Type I Interferon Drives a Cellular State Inert to TCR-Stimulation and Could Impede Effective T-Cell Differentiation in Cancer.

Abstract

Background: Head and neck squamous cell carcinoma (HNSCC) is linked to human papillomavirus (HPV) infection. HPV-positive and HPV-negative HNSCC exhibit distinct molecular and clinical characteristics. Although checkpoint inhibitors have shown efficiency in recurrent/metastatic HNSCC, response variability persists regardless of HPV status. This study aimed to explore the CD8⁺ T-cell landscape in HPV-negative HNSCC.

Methods: We performed simultaneous single-cell RNA and TCR sequencing of CD8⁺ tumor-infiltrating lymphocytes (TILs) from treatment-naïve HPV-negative HNSCC patients. Additionally, cells were stimulated ex vivo, which allowed for the tracking of clonal transcriptomic responses.

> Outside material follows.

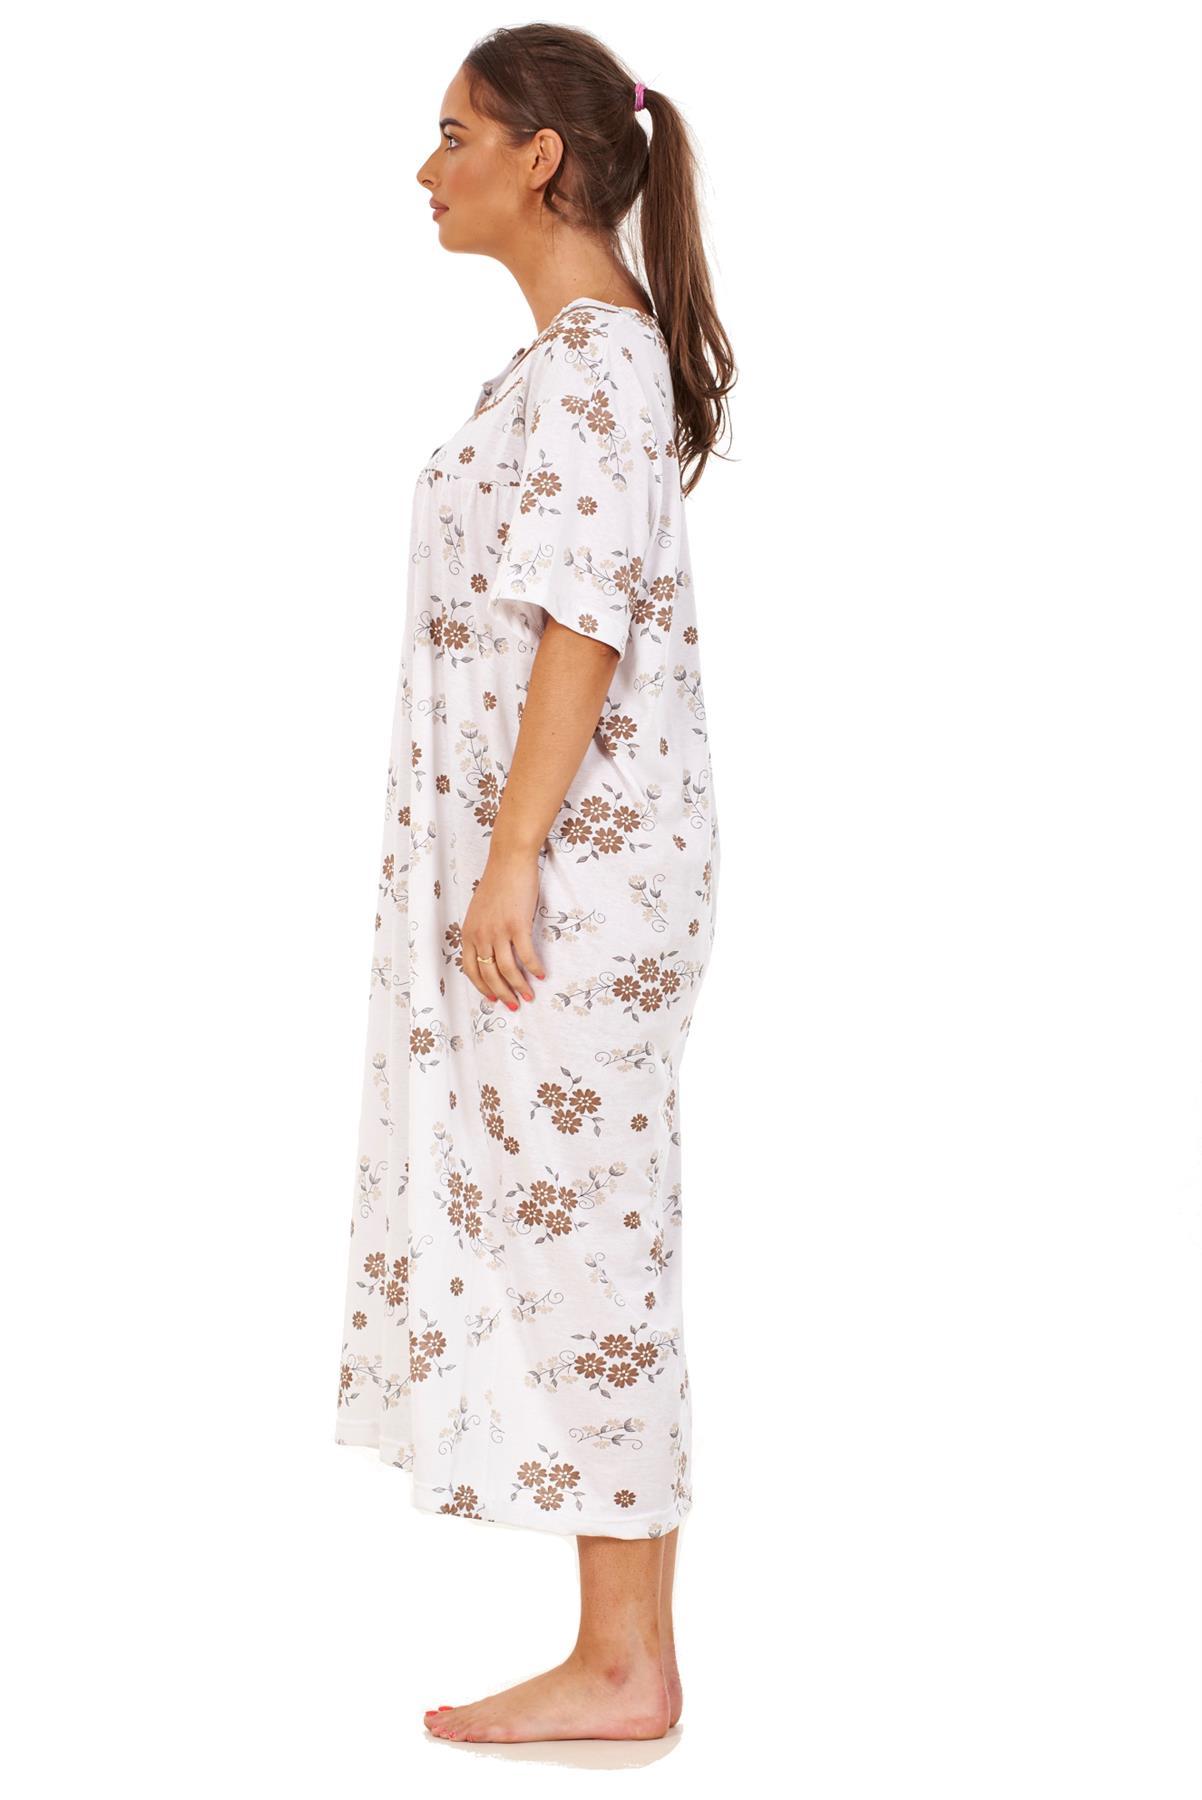 Women Long Nightdress 100/% Cotton Floral Button Short Sleeve Nightwear M to 3XL

Results: Our analysis identified a subset of CD8⁺ TILs highly enriched for interferon-stimulated genes (ISG). TCR analysis revealed ISG cells are clonally related to a population of granzyme K (GZMK)-expressing cells. However, unlike GZMK cells, which exhibited rapid effector-like phenotypes following stimulation, ISG cells were transcriptionally inert. Additionally, ISG cells showed specific enrichment within tumor and were found across multiple tumor entities.

Conclusions: ISG-enriched CD8⁺ TILs are a consistent feature of various tumor entities. These cells are poorly understood but possess characteristics that may impact antitumor immunity. Understanding the unique properties and functionality of ISG cells could offer innovative treatment approaches to improve patient outcomes in HPV-negative HNSCC and other cancer types.